The task »
Starting at the line that contains "Layer Style Options", reproduce only the lines through the end of the data, exactly, including both the first and the last; skip the pictures.

Supplied data »
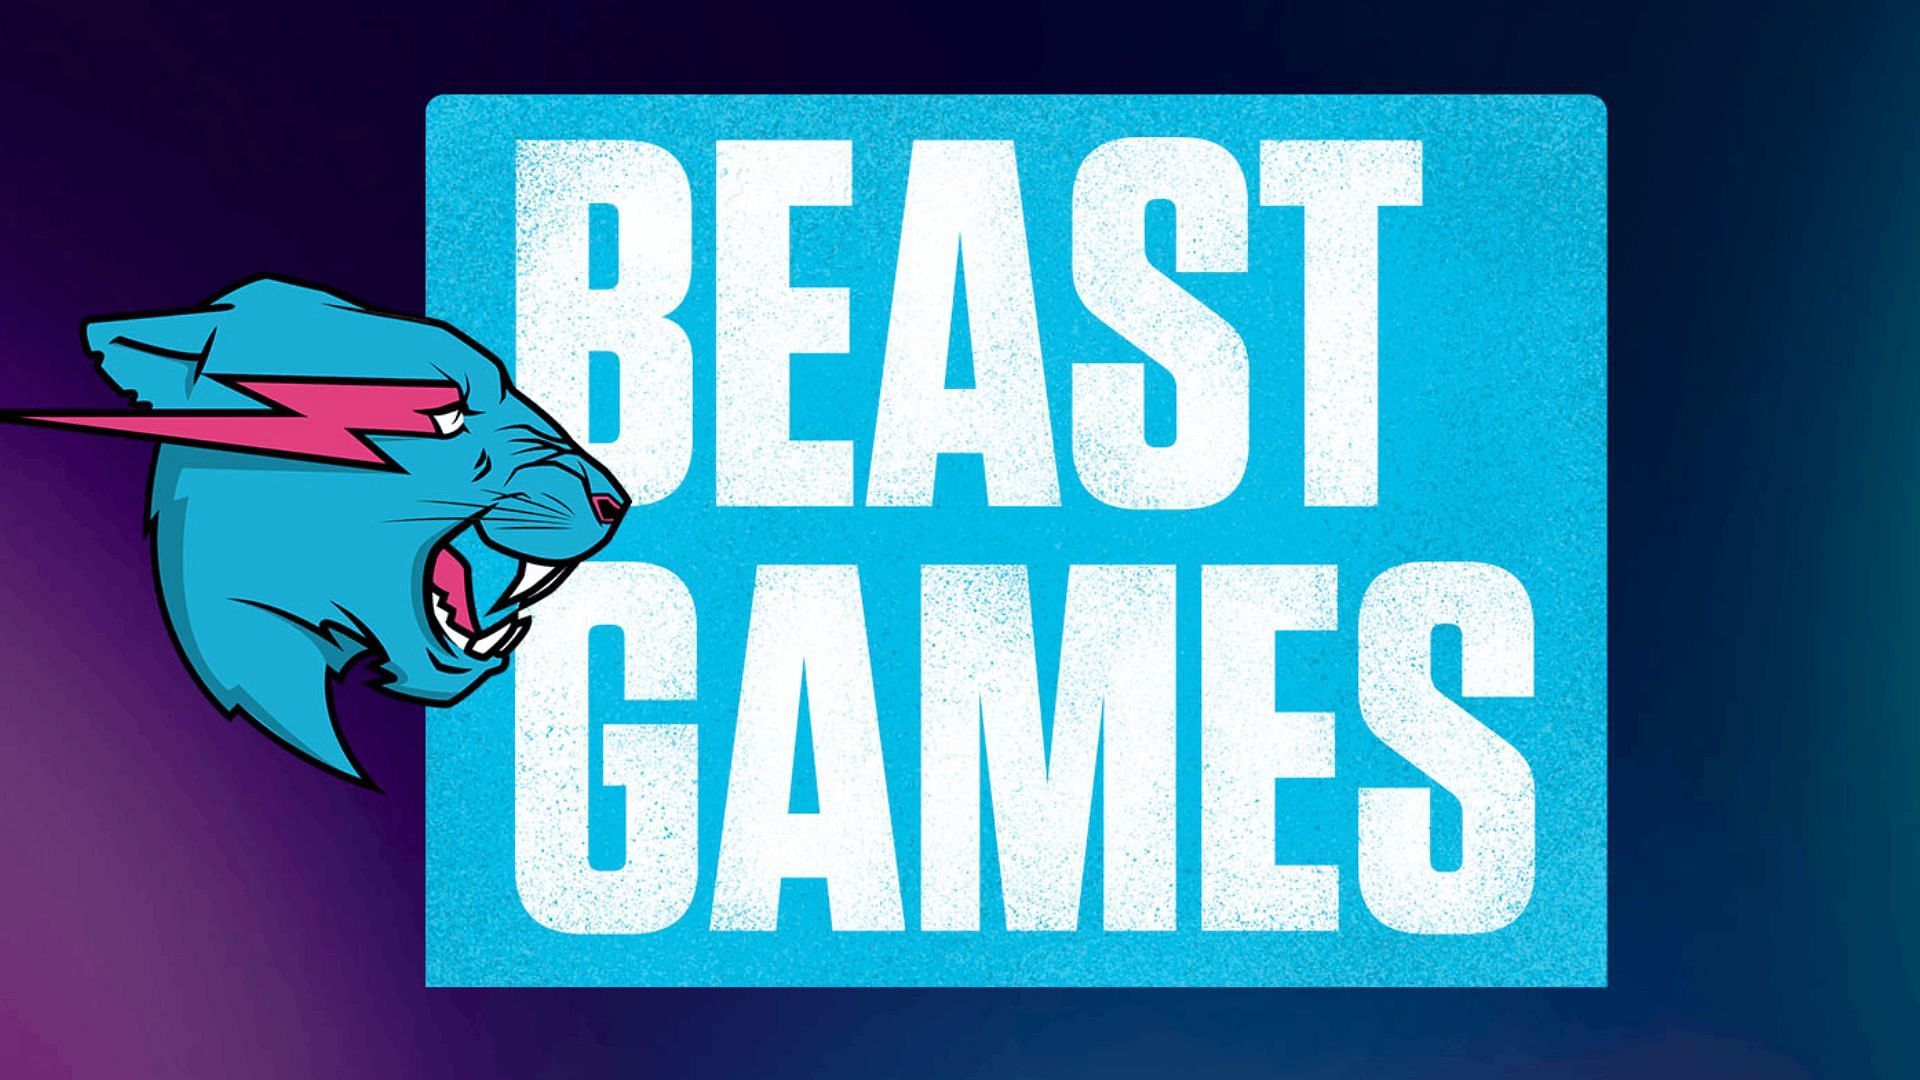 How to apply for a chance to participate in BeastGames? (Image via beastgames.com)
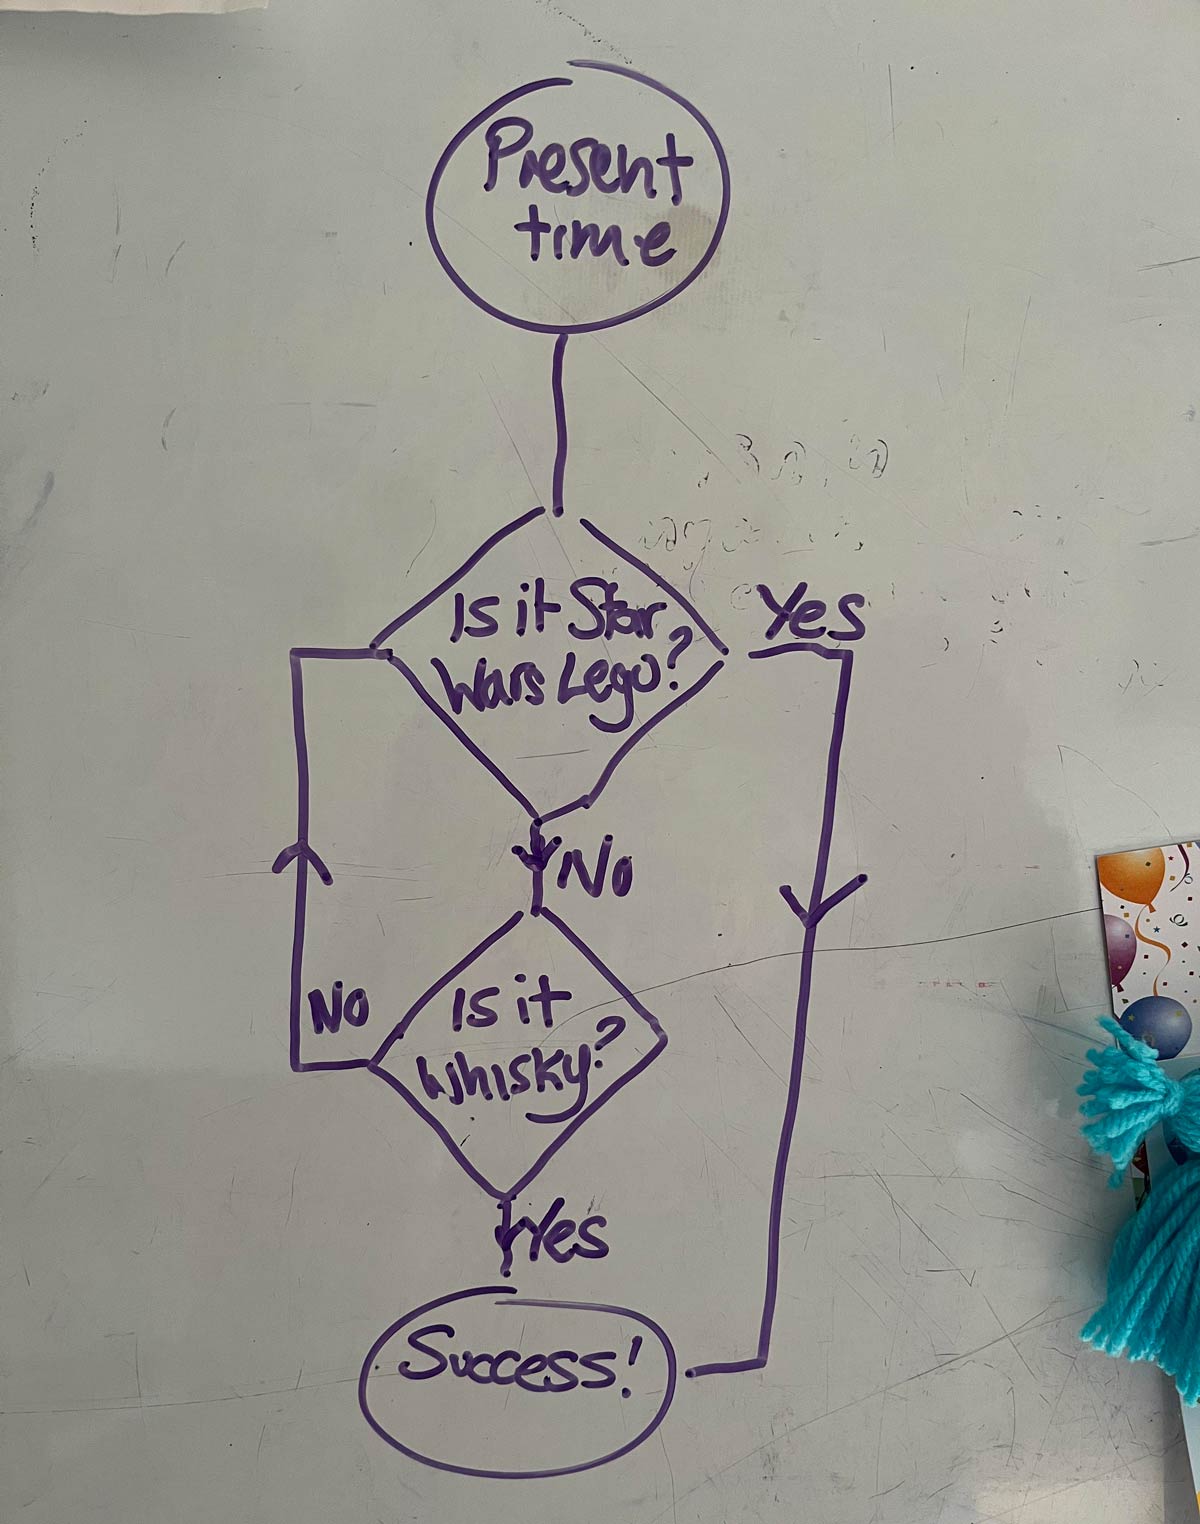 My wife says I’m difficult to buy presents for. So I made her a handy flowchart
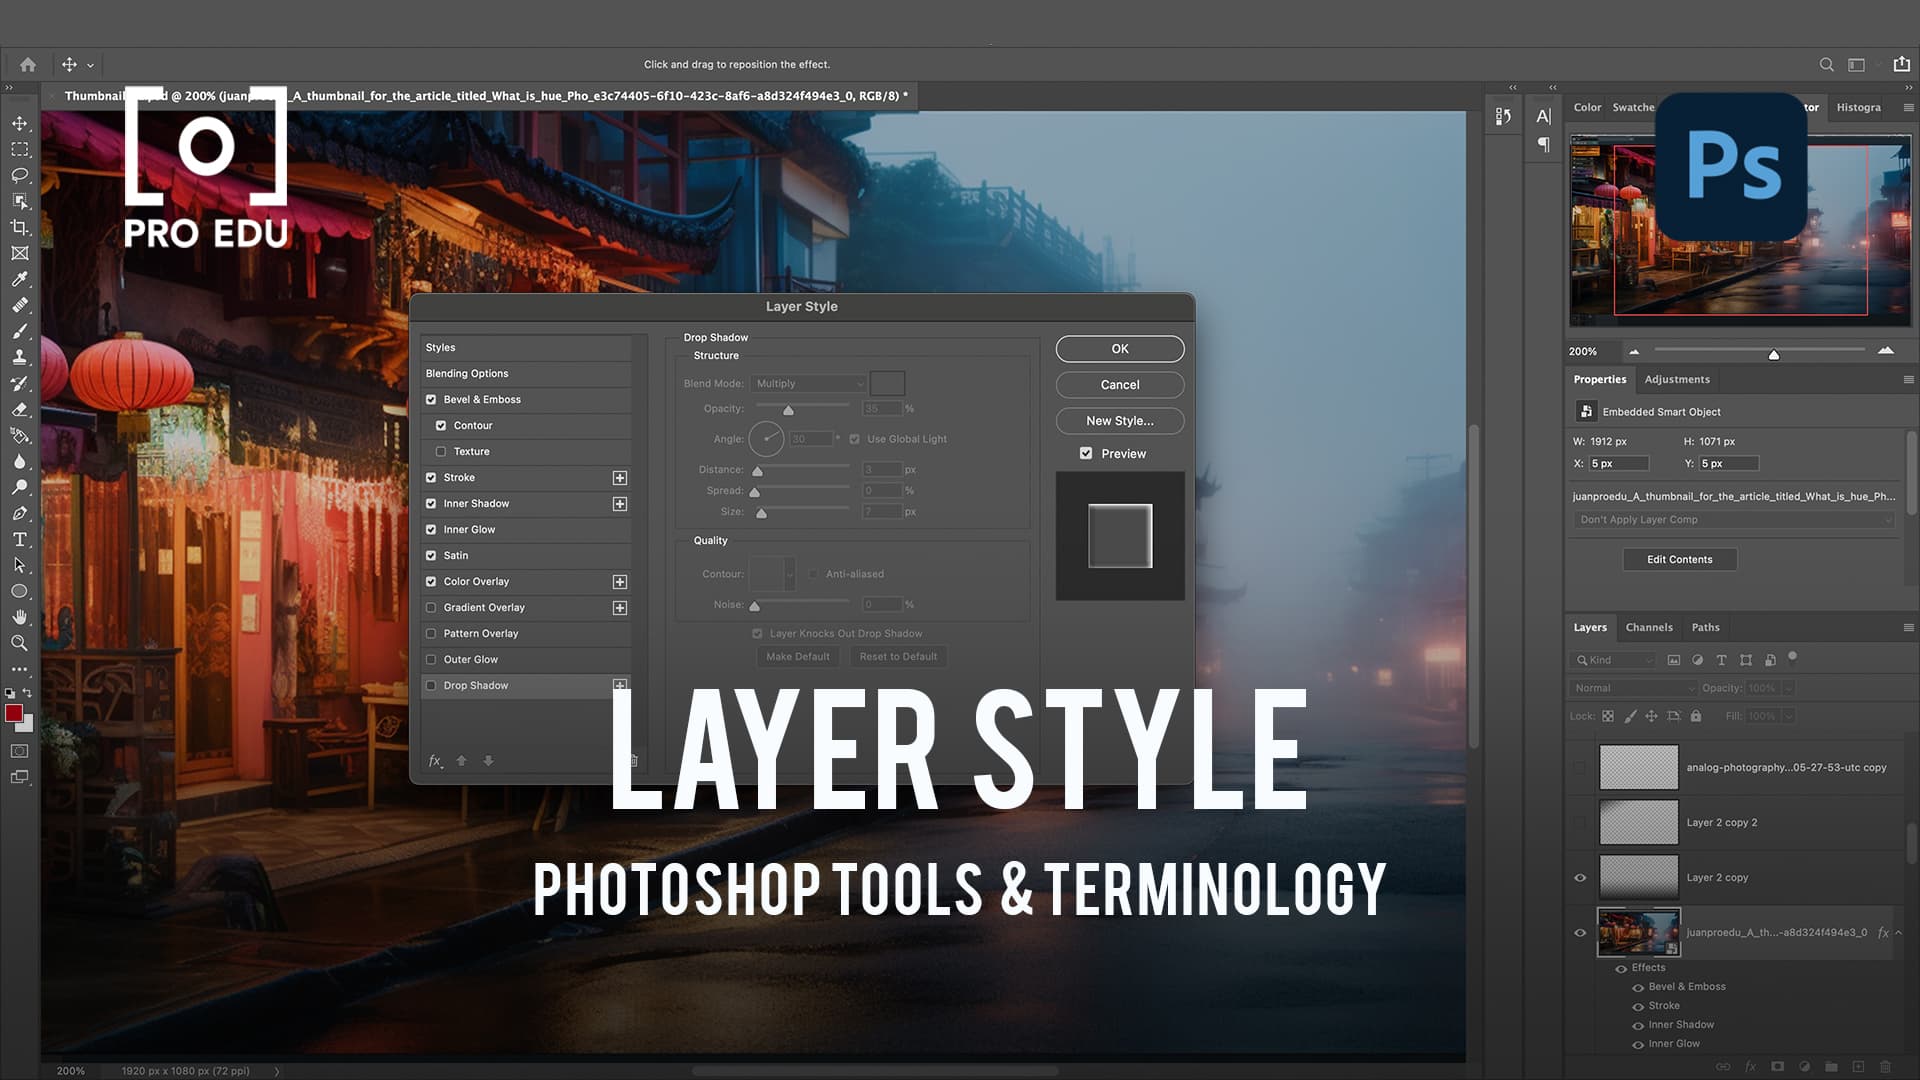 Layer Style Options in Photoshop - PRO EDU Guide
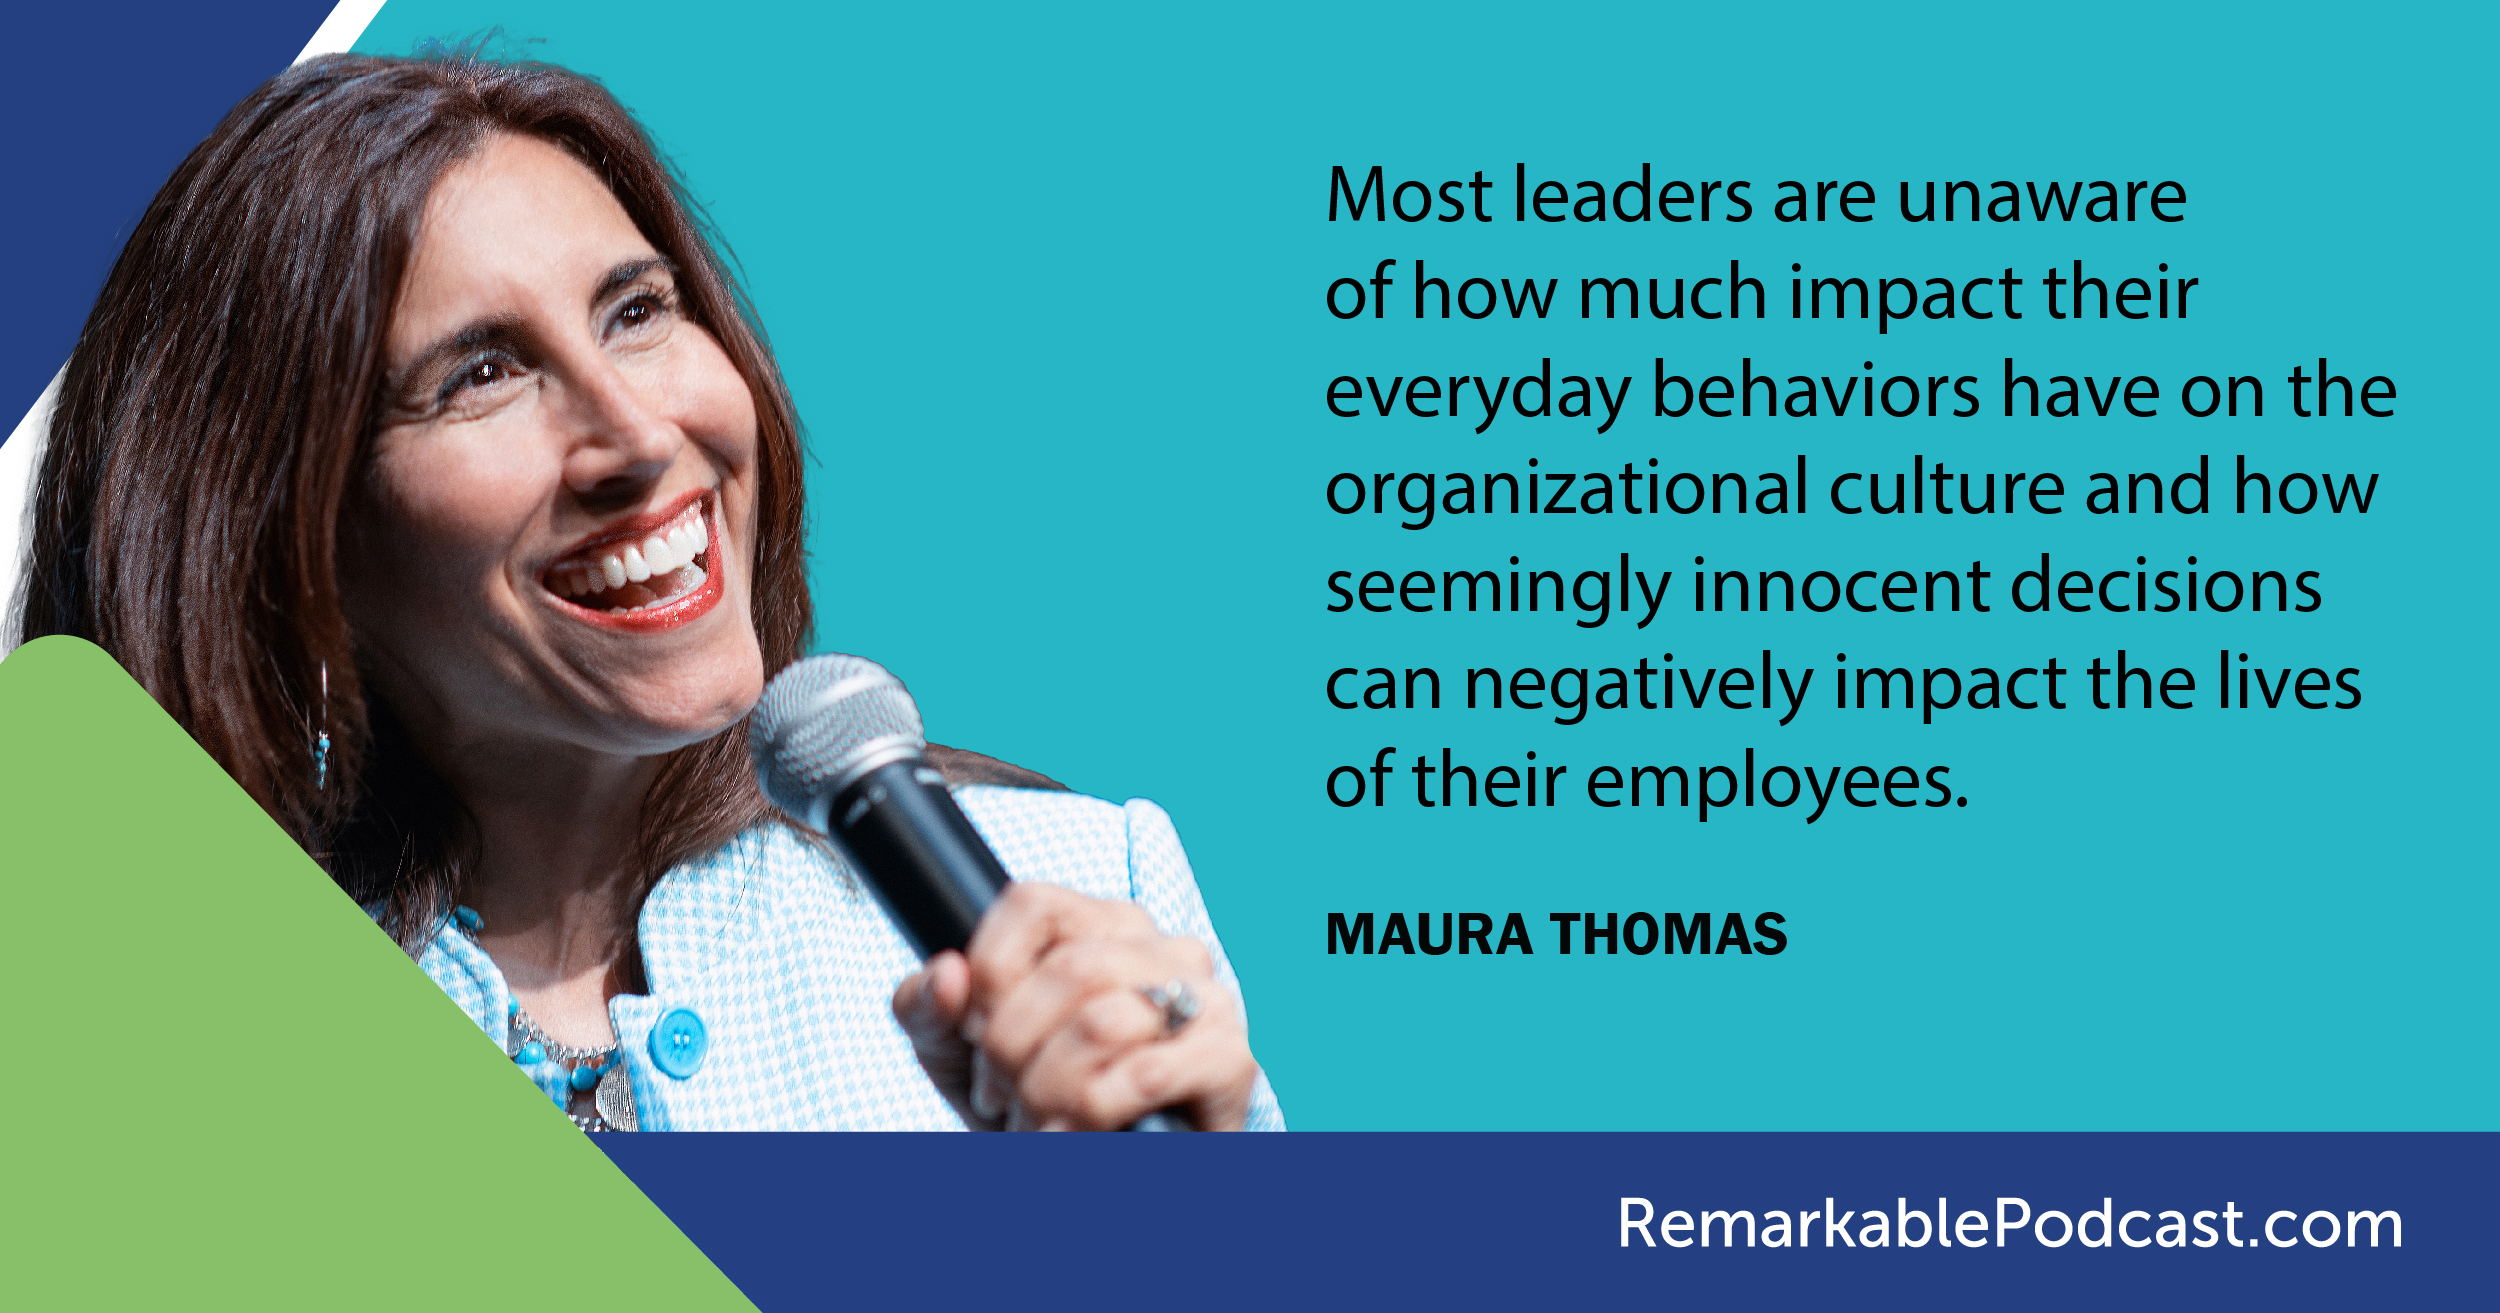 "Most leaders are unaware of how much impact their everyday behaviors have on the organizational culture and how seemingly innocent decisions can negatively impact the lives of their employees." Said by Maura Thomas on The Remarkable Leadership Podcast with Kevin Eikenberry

Result of this exercise »
 Layer Style Options in Photoshop - PRO EDU Guide
 "Most leaders are unaware of how much impact their everyday behaviors have on the organizational culture and how seemingly innocent decisions can negatively impact the lives of their employees." Said by Maura Thomas on The Remarkable Leadership Podcast with Kevin Eikenberry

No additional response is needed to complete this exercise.